State Rep. Yadira Caraveo says her proposal to limit the potency of marijuana sold recreationally in Colorado was just in its beginning stages. But when draft legislation was recently leaked and prominent figures in the state’s cannabis industry created an uproar, the measure started unraveling. 

Now, Caraveo, a Thornton Democrat and pediatrician, is backing off parts of the measure and loosening the restrictions in what’s left.

“Given the pushback that we’ve had overall on the bill,” she said, “we really want to streamline it and focus it on the things that we think absolutely need to happen this year.”

The episode is a prime example of the multibillion-dollar cannabis industry’s growing clout in Colorado politics. Marijuana interests have been spending more money on lobbying at the state Capitol but haven’t quite flexed their muscles like this since voters approved recreational pot sales in 2012. 

There have been newspaper articles with dire quotes. There have been opinion pieces.
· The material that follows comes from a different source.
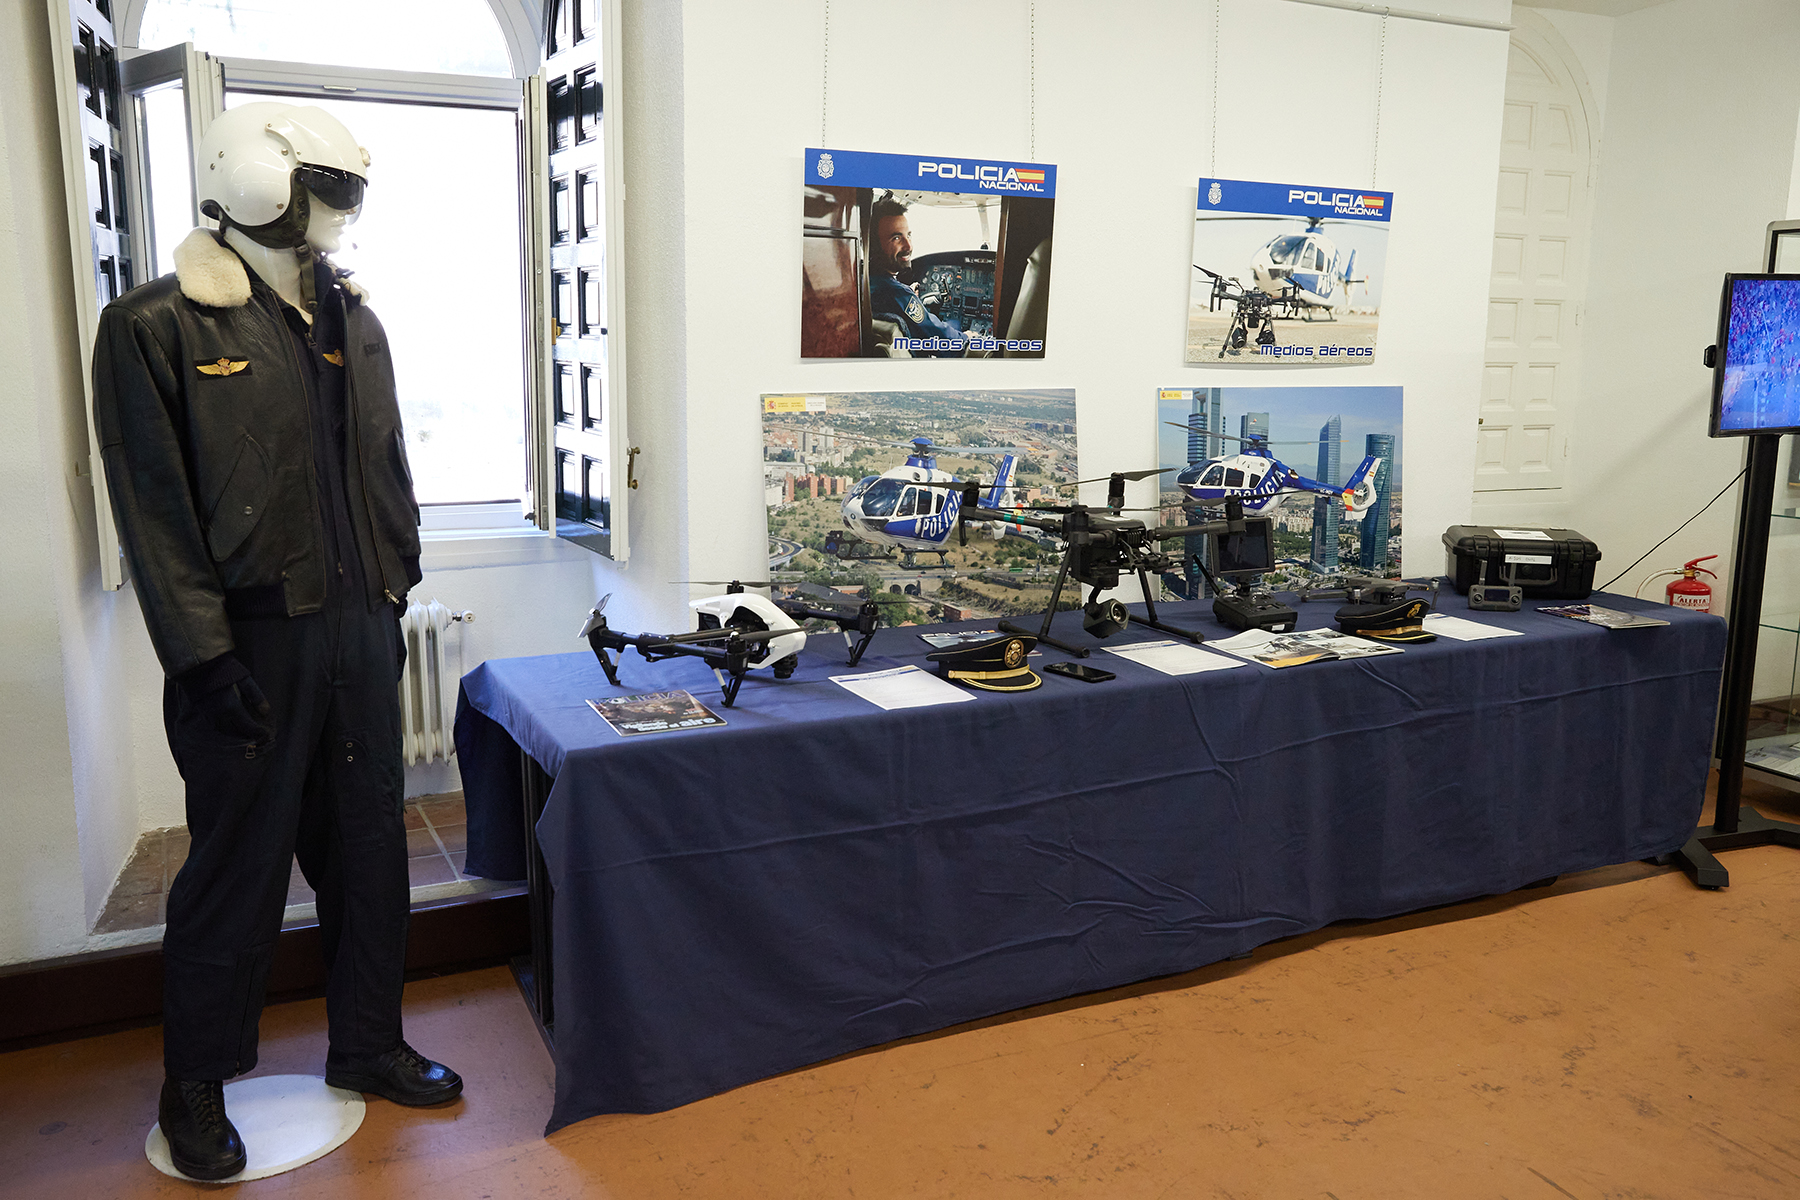 Mesa en la cual se exponen diversos drones utilizados por la Policía Nacional, junto a un maniquí que lleva un traje de los Médios Aéreos.

There have been social media posts

“It makes sense that the cannabis industry is utilizing whatever resources we have to right this proposal,” said Peter Marcus, communications director for Terrapin Care Station, a major marijuana retailer. “Because without any true research or peer-reviewed science behind the subject, this rushing to policy like this — which would put the industry out of business overnight — doesn’t make any sense.”

Cannabis plants grow inside a cultivation facility near Lafayette on Thursday, Dec. 13, 2018. (Andy Colwell, Special to The Colorado Sun)

Caraveo’s initial proposal, which she says was always supposed to be a negotiating floor, was to limit the potency of marijuana products sold in Colorado to 15% THC, the psychoactive compound in cannabis that gets people high.

“The potency is going to change, but we have not reached a number,” said Caraveo, who is also a pediatrician. “We’re still talking to leadership and other groups about it. It’s not going to be 15%.”

She said 15% was supposed to be a research-based floor that mimics the way the Netherlands regulates cannabis potency.

She said she has already cut parts of the bill that would have prevented “budtenders,” or retail marijuana salespeople, from working on commission, as well as limits on advertising to prevent companies from marketing to kids. Caraveo also wanted to outlaw vaping products that looked like innocuous items, such as a highlighter pen. 

“I think those are fights to take on at another time,” she said.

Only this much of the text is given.